Axel baru sadar kalau ternyata laki-laki itu akan selalu berada di samping Dirga. Ia mengangguk pelan lalu berjalan duluan meninggalkan Wulan. Ia tau kalau Wulan sedang tersenyum di belakangnya, tapi tidak ia hiraukan.

"Sekali-sekali bikin mereka senang nggak papa kali ya," gumam Axel.

Axel tidak terlalu mengkhawatirkan tentang hubungannya dengan Wulan dan Dirga. Selama ia tidak terlalu dekat dengan mereka, kehidupannya tidak akan berubah dan ia akan menjalani kehidupan seperti semula, walau ada sedikit perbedaan.

Axel dan Wulan berangkat ke Mall menggunakan mobil milik Wulan.

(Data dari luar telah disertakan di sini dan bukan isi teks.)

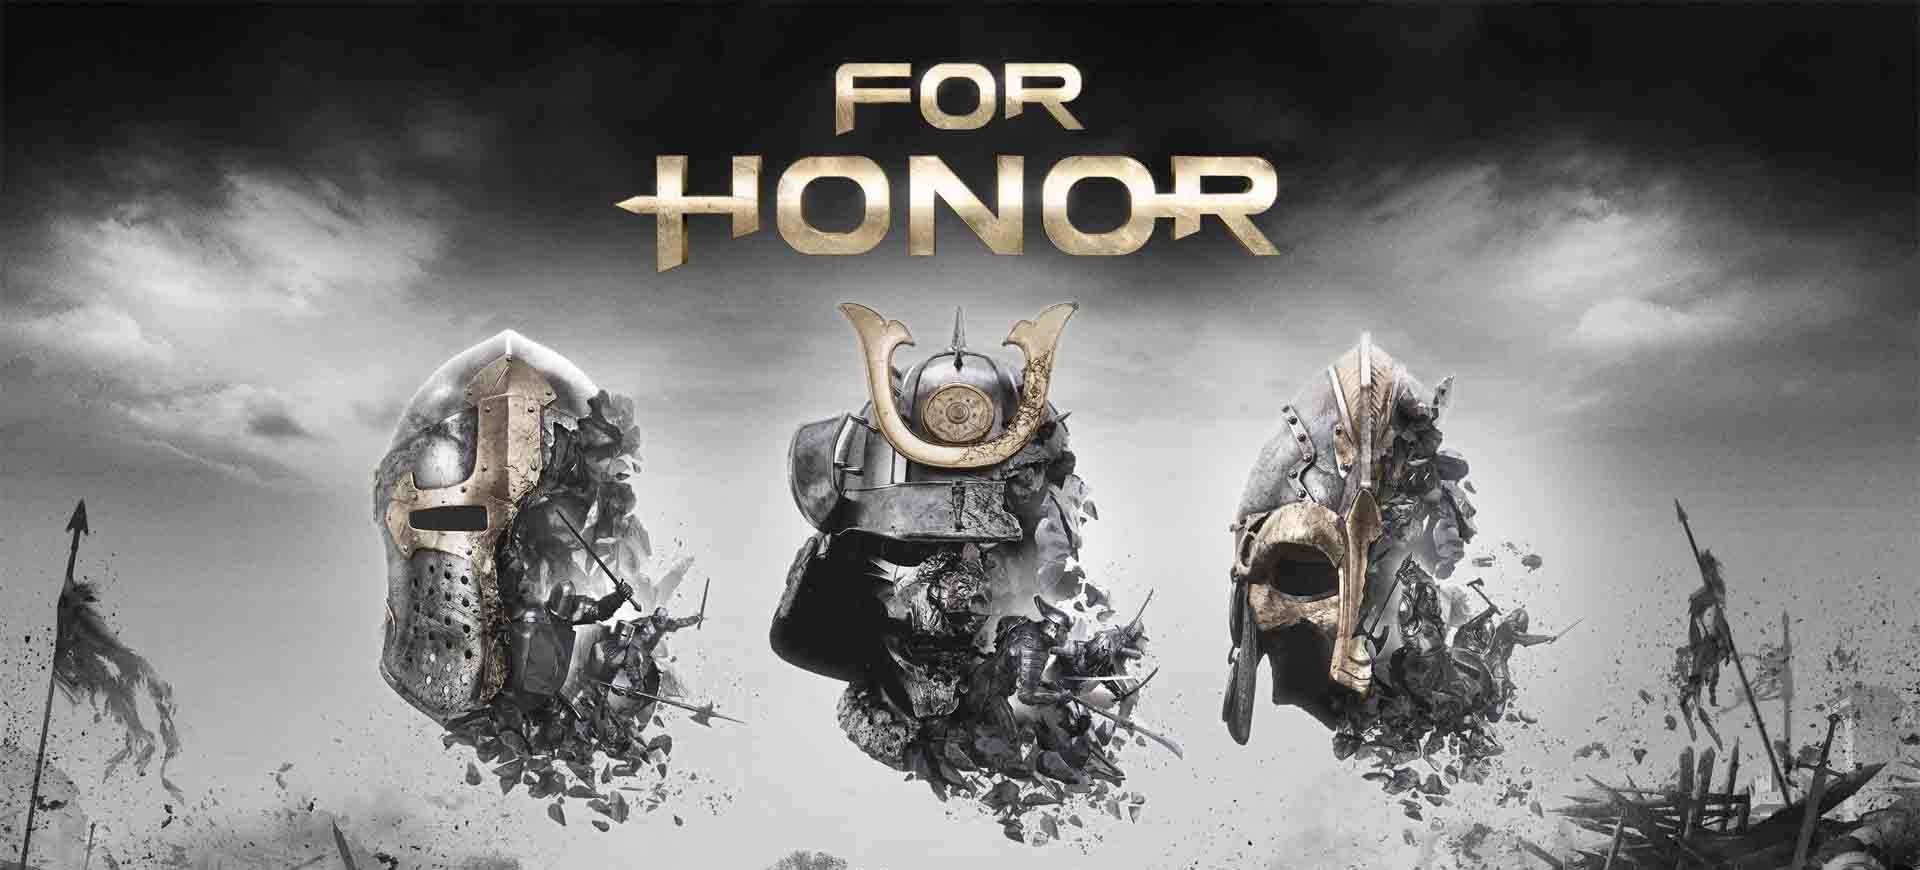 E3 2015: 3 điều cần biết về “For Honor”

Axel tersenyum tipis setelah sadar kalau dirinya sudah dibodohi oleh perempuan yang sekarang sedang sibuk mengemudikan mobil ini.

"Kenapa nggak ngajak yang lain?" tanya Axel setelah mobilnya keluar dari rumah.

Orang lain yang dimaksud Axel adalah Bi Inah yang bertugas sebagai pembantu rumah tangga. Ia baru sadar kalau Bi Inah ada di rumah saat mobil sudah melenggang pergi dari garasi.

"Yang lain nggak bisa di ajak seru-seruan. Mereka udah berumur semua," jawab Wulan.

"Sadar diri. Udah tua juga," celetuk Axel.

Seketika Axel langsung menyesal mengatakan itu. Ia tidak bisa mengontrol mulutnya untuk tidak membuat candaan. Beribu-ribu rasa menyesal mulai mendatanginya saat ia melihat Wulan tersenyum.

"Anak sama orang tua itu nggak ada bedanya. Sifat kamu yang humoris itu mirip dengan sifat Ibu dan pemikiran kamu yang kritis itu mirip dengan cara berfikir Ayah," ucap Wulan.

"Kalau saya bisa memilih saya memilih untuk menghilangkan kedua hal itu dari kehidupan saya."

"Kamu yakin? Bukannya dengan kedua hal itu kamu bisa bertemu dengan sahabat-sahabat kamu yang sekarang?"

"Mungkin iya."

"Jadi kamu harusnya berterima kasih."

"Saya akan lebih berterima kasih jika kalian tidak membuang saya di semak-semak waktu itu."

"Jadi sekarang kamu udah percaya kalau aku Ibumu?"

"Entah lah, tapi ada rasa yang berbeda saat anda memeluk saya."

"Sebanyak apapun kamu menolak kenyataan akan percuma karena kamu, Ayah dan Ibu punya ikatan keluarga."

"Entahlah, sekarang saya hanya perlu nunggu hasil tes DNA dan semuanya akan berakhir saat itu juga."

Sekarang hanyalah hasil tes DNA yang menentukan bagaimana kehidupan Axel kedepannya. Jika tes DNA menyatakan kalau ternyata Axel memiliki hubungan darah dengan mereka berdua sudah bisa dipastikan kalau kehidupannya berubah drastis.